Items listed in a dataset
§ §

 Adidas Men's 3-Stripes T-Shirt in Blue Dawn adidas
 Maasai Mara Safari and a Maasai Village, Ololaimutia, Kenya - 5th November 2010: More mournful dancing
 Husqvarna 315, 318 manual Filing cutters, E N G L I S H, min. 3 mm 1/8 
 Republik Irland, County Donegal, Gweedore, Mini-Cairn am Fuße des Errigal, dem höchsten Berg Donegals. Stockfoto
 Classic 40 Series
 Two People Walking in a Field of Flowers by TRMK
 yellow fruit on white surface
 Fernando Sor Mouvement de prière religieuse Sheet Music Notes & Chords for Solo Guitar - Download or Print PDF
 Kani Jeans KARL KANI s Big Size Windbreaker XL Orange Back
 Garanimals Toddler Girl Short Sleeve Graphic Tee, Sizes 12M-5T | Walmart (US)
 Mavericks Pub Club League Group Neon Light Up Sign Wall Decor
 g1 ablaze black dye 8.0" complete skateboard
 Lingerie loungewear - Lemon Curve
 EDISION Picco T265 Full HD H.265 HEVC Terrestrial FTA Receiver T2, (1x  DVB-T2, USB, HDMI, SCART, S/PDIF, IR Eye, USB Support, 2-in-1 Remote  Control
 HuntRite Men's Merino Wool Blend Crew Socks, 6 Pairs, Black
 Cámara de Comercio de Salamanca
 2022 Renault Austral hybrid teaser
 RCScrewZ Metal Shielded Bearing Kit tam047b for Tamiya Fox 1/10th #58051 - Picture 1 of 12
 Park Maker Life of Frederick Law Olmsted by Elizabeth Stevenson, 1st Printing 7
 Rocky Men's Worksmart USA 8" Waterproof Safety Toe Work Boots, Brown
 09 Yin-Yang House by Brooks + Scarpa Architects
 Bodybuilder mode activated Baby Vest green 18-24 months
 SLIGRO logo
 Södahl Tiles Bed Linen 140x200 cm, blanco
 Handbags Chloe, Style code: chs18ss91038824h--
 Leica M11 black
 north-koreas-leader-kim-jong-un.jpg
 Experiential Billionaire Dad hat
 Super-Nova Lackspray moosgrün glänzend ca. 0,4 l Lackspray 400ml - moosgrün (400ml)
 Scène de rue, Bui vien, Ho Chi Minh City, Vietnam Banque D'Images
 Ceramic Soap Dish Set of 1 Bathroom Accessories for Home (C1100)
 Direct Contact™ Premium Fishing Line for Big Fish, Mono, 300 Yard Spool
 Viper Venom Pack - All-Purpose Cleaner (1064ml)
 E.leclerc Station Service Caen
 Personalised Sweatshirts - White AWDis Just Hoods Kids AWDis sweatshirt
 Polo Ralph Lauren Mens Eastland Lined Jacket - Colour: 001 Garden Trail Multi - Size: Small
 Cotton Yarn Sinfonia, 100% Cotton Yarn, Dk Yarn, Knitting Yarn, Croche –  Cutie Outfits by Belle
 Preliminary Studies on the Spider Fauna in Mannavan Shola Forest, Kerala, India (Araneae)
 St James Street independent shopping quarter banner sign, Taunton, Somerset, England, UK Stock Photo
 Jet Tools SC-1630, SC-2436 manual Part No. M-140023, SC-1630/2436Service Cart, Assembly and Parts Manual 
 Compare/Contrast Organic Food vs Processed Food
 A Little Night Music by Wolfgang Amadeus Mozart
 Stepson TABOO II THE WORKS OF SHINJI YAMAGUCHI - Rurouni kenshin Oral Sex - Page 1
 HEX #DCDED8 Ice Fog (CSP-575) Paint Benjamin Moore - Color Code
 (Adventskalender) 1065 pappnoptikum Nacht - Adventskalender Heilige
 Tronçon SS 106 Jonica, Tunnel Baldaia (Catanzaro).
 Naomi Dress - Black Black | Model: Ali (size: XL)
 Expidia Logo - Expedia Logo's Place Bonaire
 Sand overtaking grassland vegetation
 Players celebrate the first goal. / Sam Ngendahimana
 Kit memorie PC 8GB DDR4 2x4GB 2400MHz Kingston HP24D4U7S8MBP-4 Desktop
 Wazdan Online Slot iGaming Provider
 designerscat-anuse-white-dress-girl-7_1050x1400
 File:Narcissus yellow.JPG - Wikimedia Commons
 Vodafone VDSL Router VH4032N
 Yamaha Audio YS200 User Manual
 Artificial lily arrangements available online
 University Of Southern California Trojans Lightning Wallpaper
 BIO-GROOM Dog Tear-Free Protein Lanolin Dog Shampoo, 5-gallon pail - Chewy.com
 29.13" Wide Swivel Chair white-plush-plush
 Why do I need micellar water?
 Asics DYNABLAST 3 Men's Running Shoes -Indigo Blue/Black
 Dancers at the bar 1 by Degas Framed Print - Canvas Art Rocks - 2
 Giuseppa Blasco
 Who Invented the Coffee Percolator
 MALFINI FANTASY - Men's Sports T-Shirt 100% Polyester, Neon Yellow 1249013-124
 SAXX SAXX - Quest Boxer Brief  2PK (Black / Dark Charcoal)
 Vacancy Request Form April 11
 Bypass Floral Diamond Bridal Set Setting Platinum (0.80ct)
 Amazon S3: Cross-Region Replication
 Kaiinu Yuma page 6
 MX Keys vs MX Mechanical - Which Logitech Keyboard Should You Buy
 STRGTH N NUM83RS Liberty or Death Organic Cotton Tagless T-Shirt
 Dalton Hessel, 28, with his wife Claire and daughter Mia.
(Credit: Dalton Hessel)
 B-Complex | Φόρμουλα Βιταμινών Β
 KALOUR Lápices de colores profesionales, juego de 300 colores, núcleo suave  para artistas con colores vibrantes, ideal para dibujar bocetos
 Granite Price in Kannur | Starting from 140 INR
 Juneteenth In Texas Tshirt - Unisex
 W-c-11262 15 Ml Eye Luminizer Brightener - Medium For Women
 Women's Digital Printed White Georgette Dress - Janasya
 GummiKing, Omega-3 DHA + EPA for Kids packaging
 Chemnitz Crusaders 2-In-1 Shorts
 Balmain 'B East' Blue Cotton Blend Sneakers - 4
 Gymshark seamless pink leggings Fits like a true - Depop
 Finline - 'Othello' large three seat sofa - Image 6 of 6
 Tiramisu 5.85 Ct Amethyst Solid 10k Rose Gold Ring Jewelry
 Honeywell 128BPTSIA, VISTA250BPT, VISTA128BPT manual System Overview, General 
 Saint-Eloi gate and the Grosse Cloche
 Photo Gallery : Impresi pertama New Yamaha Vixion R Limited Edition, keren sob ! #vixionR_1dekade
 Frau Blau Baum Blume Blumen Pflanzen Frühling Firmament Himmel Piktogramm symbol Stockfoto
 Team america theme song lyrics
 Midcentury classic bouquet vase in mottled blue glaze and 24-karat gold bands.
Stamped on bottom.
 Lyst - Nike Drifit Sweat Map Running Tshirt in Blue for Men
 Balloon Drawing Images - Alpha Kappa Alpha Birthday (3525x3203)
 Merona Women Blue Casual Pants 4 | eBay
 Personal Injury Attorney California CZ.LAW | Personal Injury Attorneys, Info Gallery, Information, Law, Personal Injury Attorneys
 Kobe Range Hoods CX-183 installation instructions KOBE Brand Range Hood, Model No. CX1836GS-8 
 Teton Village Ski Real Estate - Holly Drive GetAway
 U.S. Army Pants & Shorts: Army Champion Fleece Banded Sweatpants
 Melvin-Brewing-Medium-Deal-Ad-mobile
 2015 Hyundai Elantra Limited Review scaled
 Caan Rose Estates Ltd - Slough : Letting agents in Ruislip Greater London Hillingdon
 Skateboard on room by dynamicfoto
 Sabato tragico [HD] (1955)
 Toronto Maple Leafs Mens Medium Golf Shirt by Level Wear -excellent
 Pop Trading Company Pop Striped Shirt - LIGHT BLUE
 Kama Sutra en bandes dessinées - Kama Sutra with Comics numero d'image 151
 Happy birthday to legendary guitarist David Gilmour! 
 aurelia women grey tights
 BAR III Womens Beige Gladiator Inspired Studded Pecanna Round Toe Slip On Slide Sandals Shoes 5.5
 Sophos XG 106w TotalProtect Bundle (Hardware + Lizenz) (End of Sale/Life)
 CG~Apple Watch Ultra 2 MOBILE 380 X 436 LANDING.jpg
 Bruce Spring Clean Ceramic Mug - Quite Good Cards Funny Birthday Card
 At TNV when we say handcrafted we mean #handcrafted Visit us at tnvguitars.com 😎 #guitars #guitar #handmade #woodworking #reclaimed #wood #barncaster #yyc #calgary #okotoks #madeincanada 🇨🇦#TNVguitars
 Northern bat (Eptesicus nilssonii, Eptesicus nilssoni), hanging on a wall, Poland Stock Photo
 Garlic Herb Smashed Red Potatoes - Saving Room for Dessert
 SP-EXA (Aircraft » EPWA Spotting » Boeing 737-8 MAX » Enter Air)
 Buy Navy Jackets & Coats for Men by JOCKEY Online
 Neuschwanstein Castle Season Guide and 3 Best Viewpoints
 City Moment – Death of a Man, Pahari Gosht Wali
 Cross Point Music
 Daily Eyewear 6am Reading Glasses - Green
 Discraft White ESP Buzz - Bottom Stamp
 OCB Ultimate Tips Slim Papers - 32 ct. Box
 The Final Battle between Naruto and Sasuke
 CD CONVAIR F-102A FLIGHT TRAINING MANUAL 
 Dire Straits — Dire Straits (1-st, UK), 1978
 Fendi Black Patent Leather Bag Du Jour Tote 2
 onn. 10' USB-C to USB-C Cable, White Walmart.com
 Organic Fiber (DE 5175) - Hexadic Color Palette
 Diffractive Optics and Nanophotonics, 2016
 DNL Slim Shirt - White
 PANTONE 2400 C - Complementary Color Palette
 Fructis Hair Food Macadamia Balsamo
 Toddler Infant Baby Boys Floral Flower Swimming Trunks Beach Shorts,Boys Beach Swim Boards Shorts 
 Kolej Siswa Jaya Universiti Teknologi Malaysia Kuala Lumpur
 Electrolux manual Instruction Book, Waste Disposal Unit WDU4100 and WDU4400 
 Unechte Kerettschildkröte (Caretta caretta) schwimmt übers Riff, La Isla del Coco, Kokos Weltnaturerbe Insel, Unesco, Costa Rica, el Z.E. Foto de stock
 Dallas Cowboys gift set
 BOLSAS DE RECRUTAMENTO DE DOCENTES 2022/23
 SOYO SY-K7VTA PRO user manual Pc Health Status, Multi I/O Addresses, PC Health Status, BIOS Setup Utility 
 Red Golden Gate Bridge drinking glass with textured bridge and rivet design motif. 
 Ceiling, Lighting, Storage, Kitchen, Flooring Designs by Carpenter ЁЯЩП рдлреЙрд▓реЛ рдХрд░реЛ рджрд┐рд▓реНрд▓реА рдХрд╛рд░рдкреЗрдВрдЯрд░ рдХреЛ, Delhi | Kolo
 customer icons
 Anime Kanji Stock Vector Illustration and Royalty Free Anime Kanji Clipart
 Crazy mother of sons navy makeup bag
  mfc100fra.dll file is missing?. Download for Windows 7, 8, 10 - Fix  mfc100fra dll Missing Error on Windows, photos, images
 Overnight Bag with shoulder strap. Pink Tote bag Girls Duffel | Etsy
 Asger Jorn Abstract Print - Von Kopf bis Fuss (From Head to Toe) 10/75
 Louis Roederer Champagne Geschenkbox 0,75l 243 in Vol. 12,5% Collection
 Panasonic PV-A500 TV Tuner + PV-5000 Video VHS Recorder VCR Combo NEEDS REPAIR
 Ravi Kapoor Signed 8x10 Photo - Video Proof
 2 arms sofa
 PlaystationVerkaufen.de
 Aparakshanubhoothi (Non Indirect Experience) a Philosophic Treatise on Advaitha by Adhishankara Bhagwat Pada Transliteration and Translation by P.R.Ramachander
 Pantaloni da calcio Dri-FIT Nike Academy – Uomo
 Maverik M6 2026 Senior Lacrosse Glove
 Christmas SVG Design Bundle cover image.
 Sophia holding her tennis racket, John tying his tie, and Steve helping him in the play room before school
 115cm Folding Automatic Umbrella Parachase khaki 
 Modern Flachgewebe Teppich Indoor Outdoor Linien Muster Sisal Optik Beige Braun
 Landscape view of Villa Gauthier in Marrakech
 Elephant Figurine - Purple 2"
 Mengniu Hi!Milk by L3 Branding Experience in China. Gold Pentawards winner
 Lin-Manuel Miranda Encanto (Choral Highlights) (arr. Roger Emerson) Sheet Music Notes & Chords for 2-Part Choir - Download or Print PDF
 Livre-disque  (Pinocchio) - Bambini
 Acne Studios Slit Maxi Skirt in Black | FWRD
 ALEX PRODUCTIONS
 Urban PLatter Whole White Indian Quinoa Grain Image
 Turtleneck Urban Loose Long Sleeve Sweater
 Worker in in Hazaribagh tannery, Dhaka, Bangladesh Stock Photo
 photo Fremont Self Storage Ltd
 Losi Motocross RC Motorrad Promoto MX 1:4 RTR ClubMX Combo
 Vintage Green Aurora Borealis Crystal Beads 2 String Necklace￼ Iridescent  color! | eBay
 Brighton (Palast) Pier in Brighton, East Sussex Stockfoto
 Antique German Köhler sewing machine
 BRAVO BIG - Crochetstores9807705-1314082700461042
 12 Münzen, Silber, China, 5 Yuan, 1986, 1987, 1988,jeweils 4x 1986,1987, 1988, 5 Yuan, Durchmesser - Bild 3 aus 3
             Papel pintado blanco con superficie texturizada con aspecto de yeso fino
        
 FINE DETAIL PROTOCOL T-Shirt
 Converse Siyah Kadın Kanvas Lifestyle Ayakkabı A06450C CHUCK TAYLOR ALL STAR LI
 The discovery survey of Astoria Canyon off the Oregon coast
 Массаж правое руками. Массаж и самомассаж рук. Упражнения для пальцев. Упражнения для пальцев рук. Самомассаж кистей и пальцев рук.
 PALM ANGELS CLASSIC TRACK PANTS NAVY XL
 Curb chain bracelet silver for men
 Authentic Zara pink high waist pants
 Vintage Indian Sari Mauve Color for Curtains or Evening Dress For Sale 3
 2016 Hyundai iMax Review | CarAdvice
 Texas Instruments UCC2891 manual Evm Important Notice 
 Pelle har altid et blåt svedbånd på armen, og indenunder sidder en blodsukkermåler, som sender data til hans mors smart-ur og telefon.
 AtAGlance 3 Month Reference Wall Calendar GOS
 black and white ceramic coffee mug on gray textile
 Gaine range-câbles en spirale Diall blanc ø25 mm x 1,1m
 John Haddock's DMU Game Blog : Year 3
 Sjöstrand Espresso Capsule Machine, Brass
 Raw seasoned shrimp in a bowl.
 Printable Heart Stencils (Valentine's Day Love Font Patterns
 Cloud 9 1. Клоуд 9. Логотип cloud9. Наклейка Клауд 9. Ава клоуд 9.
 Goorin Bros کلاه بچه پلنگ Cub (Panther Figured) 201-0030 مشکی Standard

§ §

What needs to be done
Please write out, exactly as they appear above, only the lines in the stretch from the line with "Why do I need micellar water?" through the line with "Balmain 'B East'".

Solution to this exercise
 Why do I need micellar water?
 Asics DYNABLAST 3 Men's Running Shoes -Indigo Blue/Black
 Dancers at the bar 1 by Degas Framed Print - Canvas Art Rocks - 2
 Giuseppa Blasco
 Who Invented the Coffee Percolator
 MALFINI FANTASY - Men's Sports T-Shirt 100% Polyester, Neon Yellow 1249013-124
 SAXX SAXX - Quest Boxer Brief  2PK (Black / Dark Charcoal)
 Vacancy Request Form April 11
 Bypass Floral Diamond Bridal Set Setting Platinum (0.80ct)
 Amazon S3: Cross-Region Replication
 Kaiinu Yuma page 6
 MX Keys vs MX Mechanical - Which Logitech Keyboard Should You Buy
 STRGTH N NUM83RS Liberty or Death Organic Cotton Tagless T-Shirt
 Dalton Hessel, 28, with his wife Claire and daughter Mia.
(Credit: Dalton Hessel)
 B-Complex | Φόρμουλα Βιταμινών Β
 KALOUR Lápices de colores profesionales, juego de 300 colores, núcleo suave  para artistas con colores vibrantes, ideal para dibujar bocetos
 Granite Price in Kannur | Starting from 140 INR
 Juneteenth In Texas Tshirt - Unisex
 W-c-11262 15 Ml Eye Luminizer Brightener - Medium For Women
 Women's Digital Printed White Georgette Dress - Janasya
 GummiKing, Omega-3 DHA + EPA for Kids packaging
 Chemnitz Crusaders 2-In-1 Shorts
 Balmain 'B East' Blue Cotton Blend Sneakers - 4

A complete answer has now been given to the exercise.